# Problem
The whole listing that follows is to be restated word for word, images excluded.

# Given data

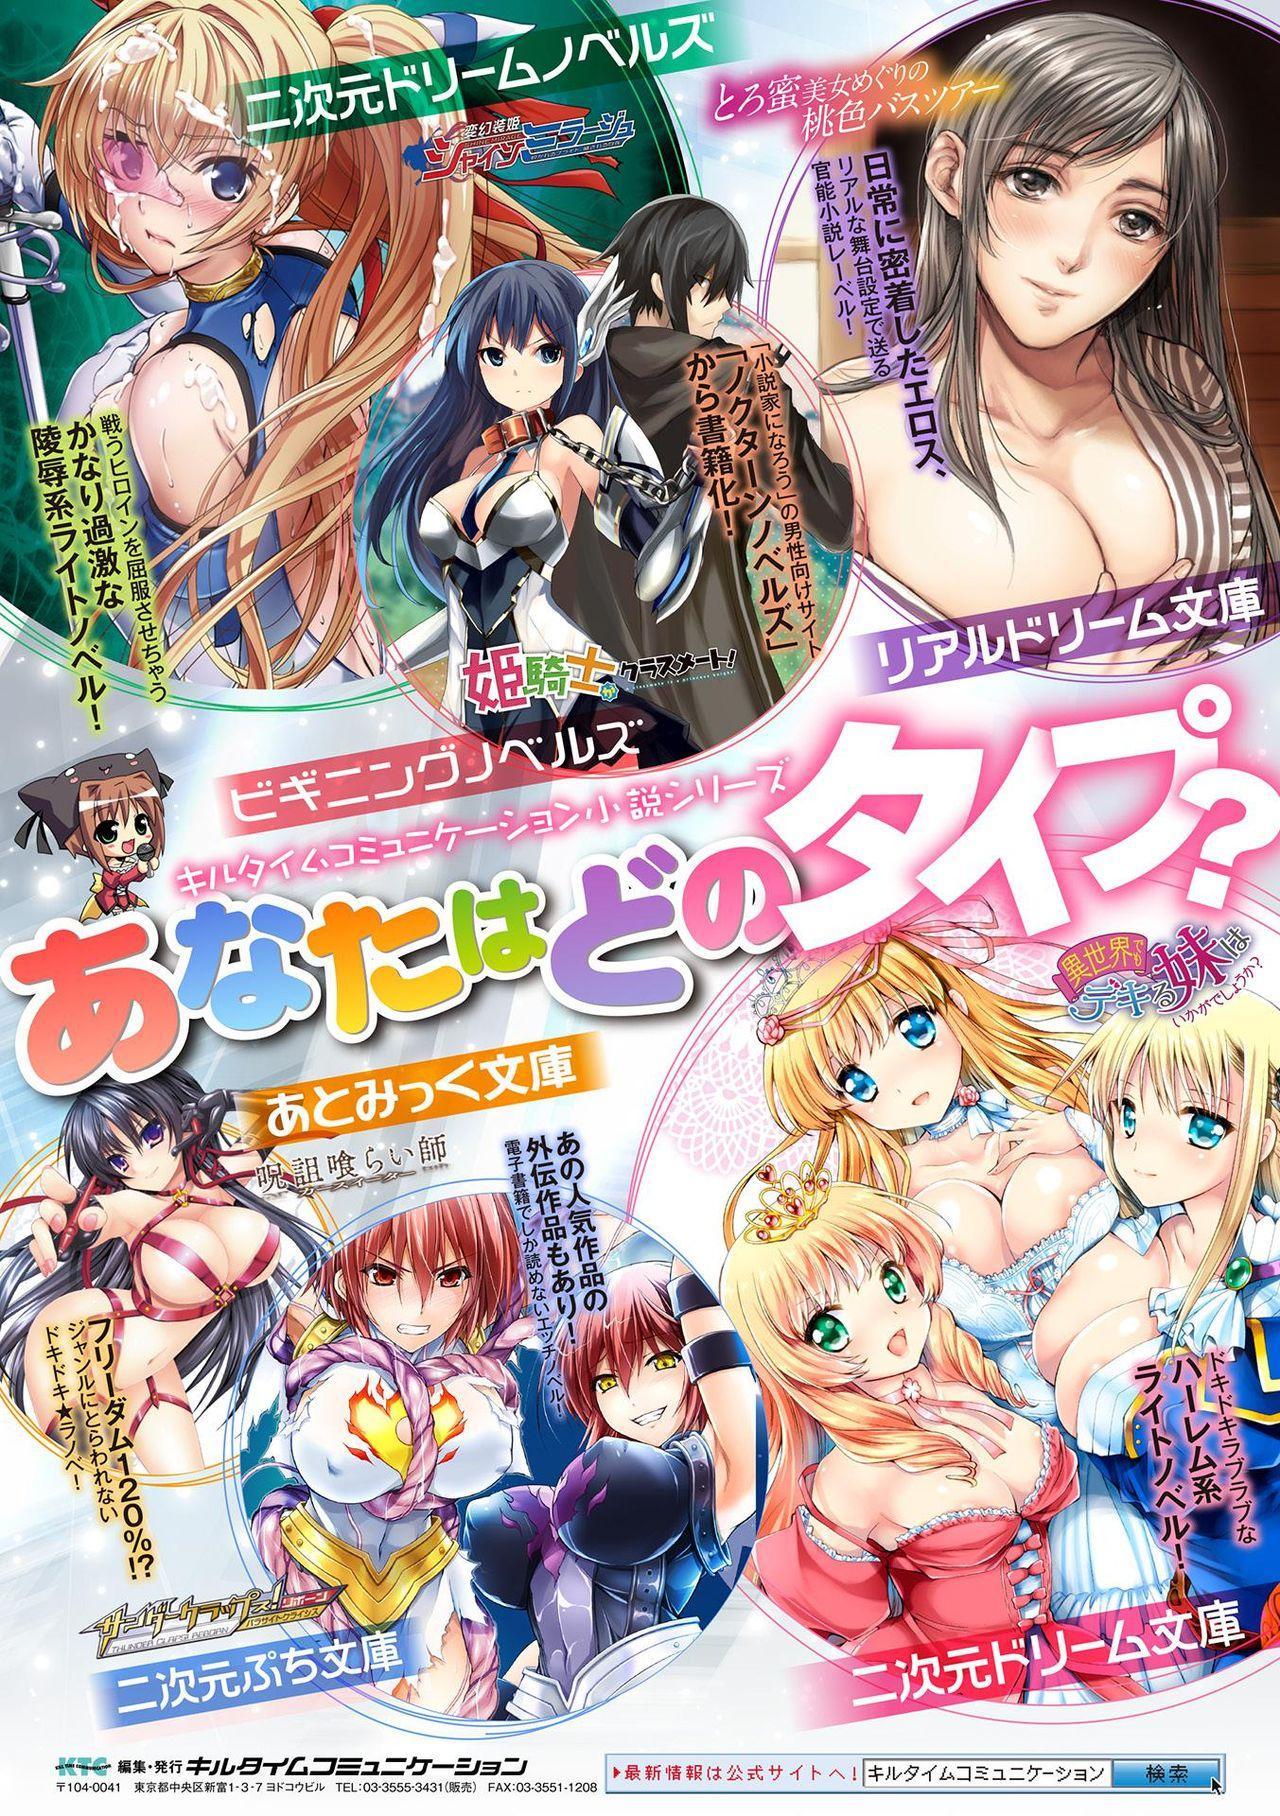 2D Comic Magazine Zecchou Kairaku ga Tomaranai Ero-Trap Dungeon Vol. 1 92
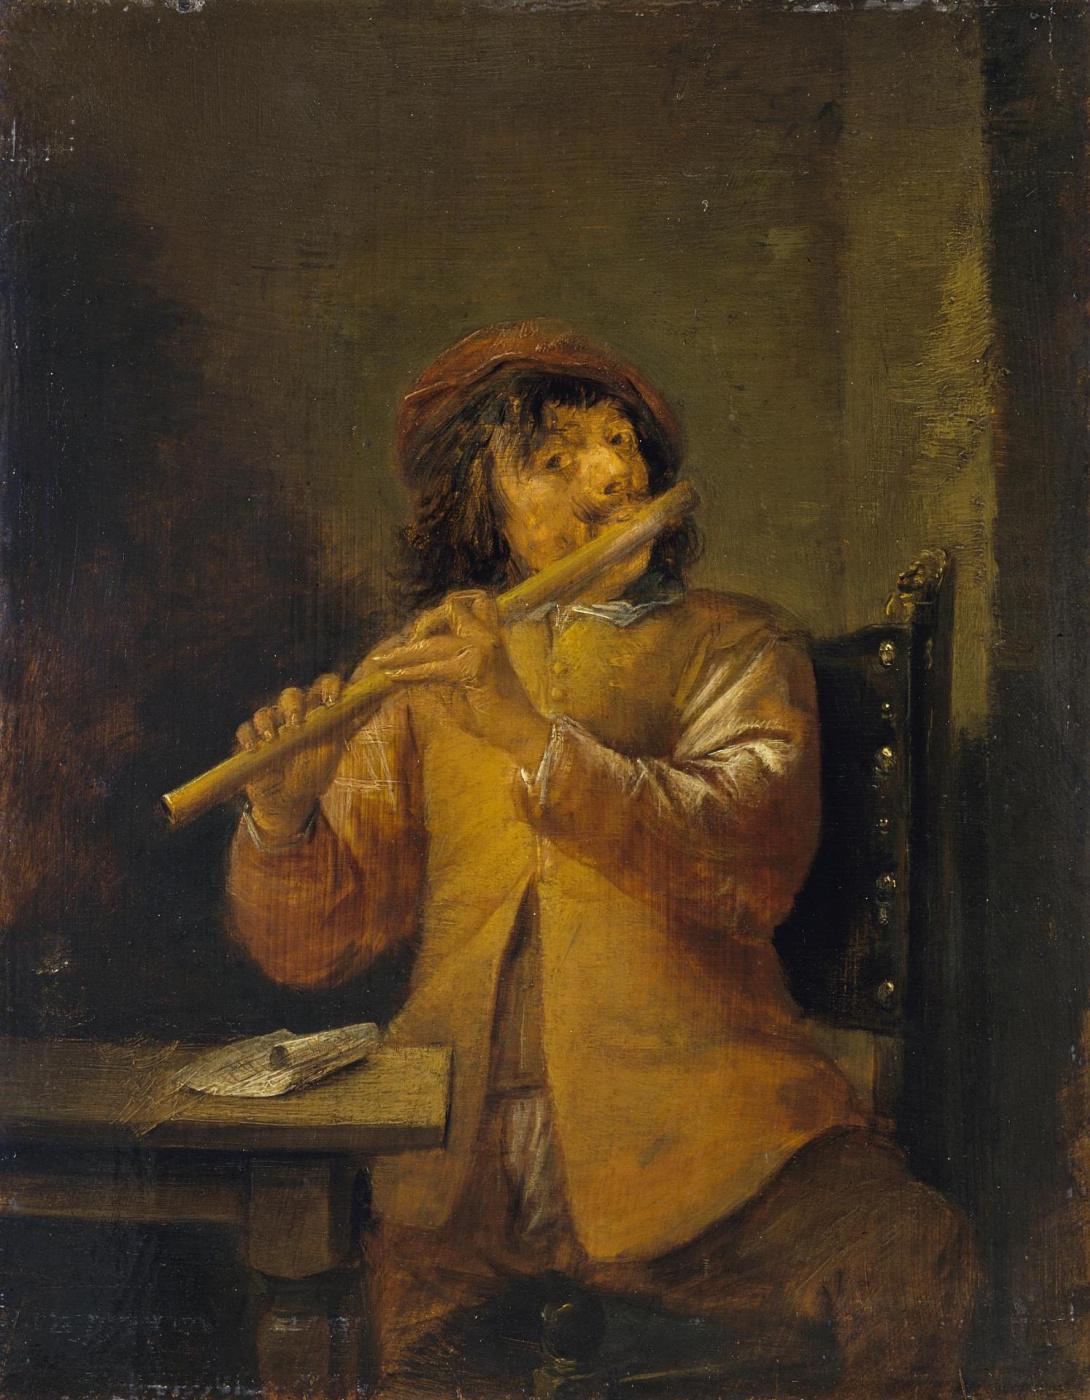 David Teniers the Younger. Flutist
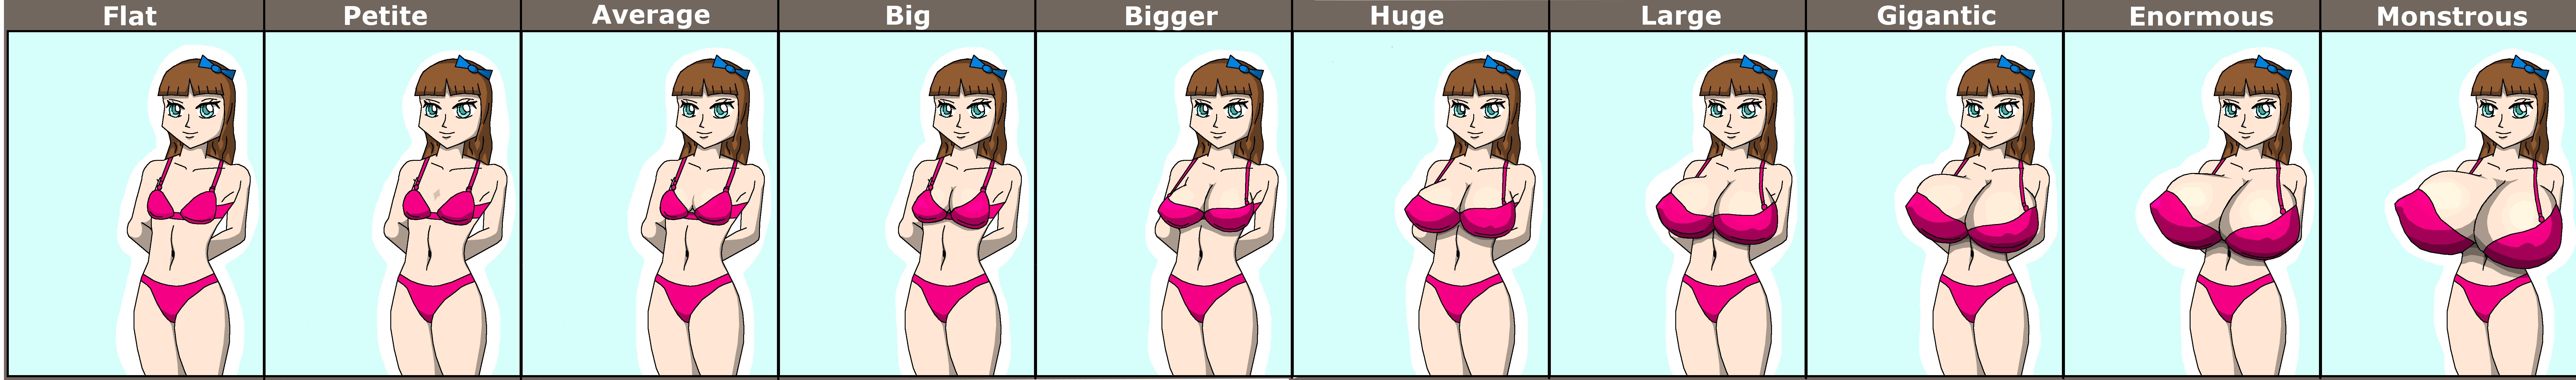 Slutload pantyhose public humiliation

# Result
 2D Comic Magazine Zecchou Kairaku ga Tomaranai Ero-Trap Dungeon Vol. 1 92
 David Teniers the Younger. Flutist
 Slutload pantyhose public humiliation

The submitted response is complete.